Besprochen werden eine Ausstellung mit Werken der Künstlerin Doris Salcedo in der Fondation Beyeler in Basel (Tsp) und die Ausstellung "Brüder und Schwestern" mit Fotografien von Andreas Mühe in der Frankfurter Galerie Anita Beckers (FR).

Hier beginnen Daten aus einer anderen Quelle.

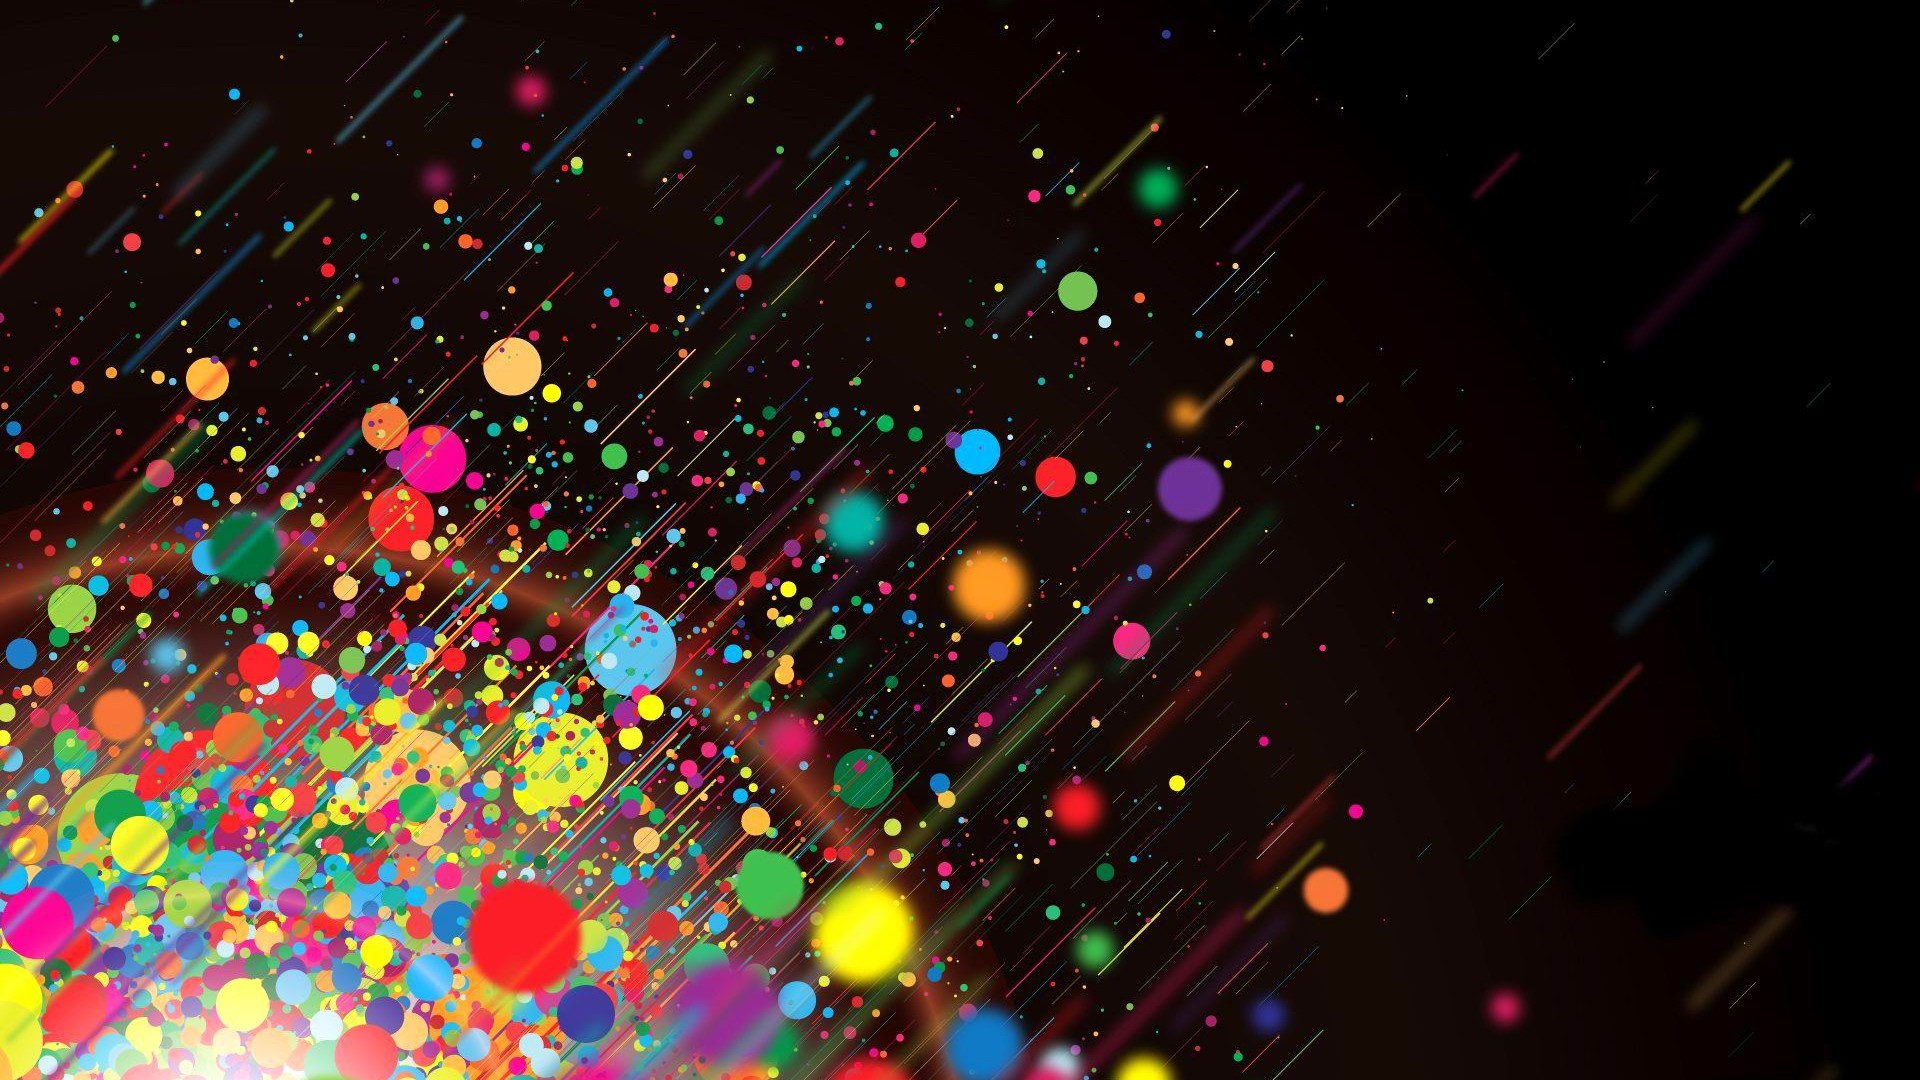 abstract-rainbows-digital-art

Efeu - Die Kulturrundschau vom 24.05.2023 - Kunst

In einer Reportage aus dem irakischen Mossul erzählt Lena Bopp in der FAZ, wie internationale Restauratoren die Verwüstungen zu beheben versuchen, die der Islamische Staat 2015 anrichtete. Den vom Louvre entsandten Daniel Ibled stellt uns Bopp als einen Mann vor, der schon als Kind gern geknackte Nüsse wieder zusammensetzte: "'Jede Explosion hat eine innere Logik', sagt Ibled. Wenn es gelinge, sie zu verstehen, könne man die Explosion quasi rückwärts denken und die Puzzleteile leichter finden. Danach sei Perfektionismus gefragt. Wenn man sich am Anfang um nur einen Millimeter vertue, summiere sich der Fehler mit jedem weiteren Schritt, bis man am Ende in eine Schieflage kommt, die es unmöglich mache, weitere Steine hinzuzufügen. 'Da mussten wir die irakischen Kollegen am Anfang manchmal bremsen.'"

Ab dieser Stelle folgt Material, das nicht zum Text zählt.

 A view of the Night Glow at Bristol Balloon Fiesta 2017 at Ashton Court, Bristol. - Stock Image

Paul Gauguin: Seid geheimnisvoll! (Soyez mystérieuses), 1890. Bild: Städel

Die "dritte Dimension der Malerei" eröffnet sich FR-Kritikerin Lisa Berins in der Ausstellung "Herausgragend", mit der das Frankfurter Städel dem Relief in der Kunst von Rodin bis Picasso huldigt: "Das Relief war nicht nur ein Experiment, es war auch Rebellion und Ausbruch. Aber es war noch mehr: Es wurde zum künstlerischen Mittel einer Reflexion darüber, was Kunst kann. Lucio Fontana zum Beispiel zerschnitt seit den 1940er Jahren Bilder, öffnete dadurch den dahinterliegenden Raum. Ebenen wurden nicht nur durch das Auftragen von mehr und mehr Material geschaffen - eindrückliches Beispiel dafür ist die monumentale Wandplastik von Lee Bontecou in der oberen Etage -, sondern auch durch das Ausschneiden und Freilegen des 'Dahinter'. Die Wand wurde dadurch auch selbst zum Player." In der FAZ zeichnet Stefan Trinks nach, wie das Relief für die Avantgarde des 19. Jahrhundert wieder interessant wurde: "Gauguin, der mit dem traumschönen 'Seid geheimnisvoll' vertreten ist, sah noch in der Bretagne arbeitend auf der Weltausstellung 1889 die farbstarken Reliefs aus Papua-Neuguinea und ahmte sie nach. Der Historismus entdeckt zudem die Faszination polychromer Reliefs aus diversen Materialien. Den Höhepunkt erreicht das urzeitlich antike Relief in Farbe mit den Parthenonreliefs, deren Wiederentdeckung durch die Künstler im 19. Jahrhundert ein eigener Saal gewidmet ist. Wallfahrten von Bildhauern führten ins British Museum, wo die von der Akropolis geraubten Elgin Marbles für jedermann sichtbar ausgestellt waren."

Weiteres: In der FR wünscht sich Harry Nutt statt eines festgefahrenen Lagerstreits um koloniale Raubkunst mehr Interesse für afrikanische Kultur und Geschichte. Besprochen werden eine Ausstellung der Künstlerin Rosemarie Castoro im Wiener MAK (Standard) und eine Schau über Josephine Baker in der Bonner Bundeskunsthalle (Monopol).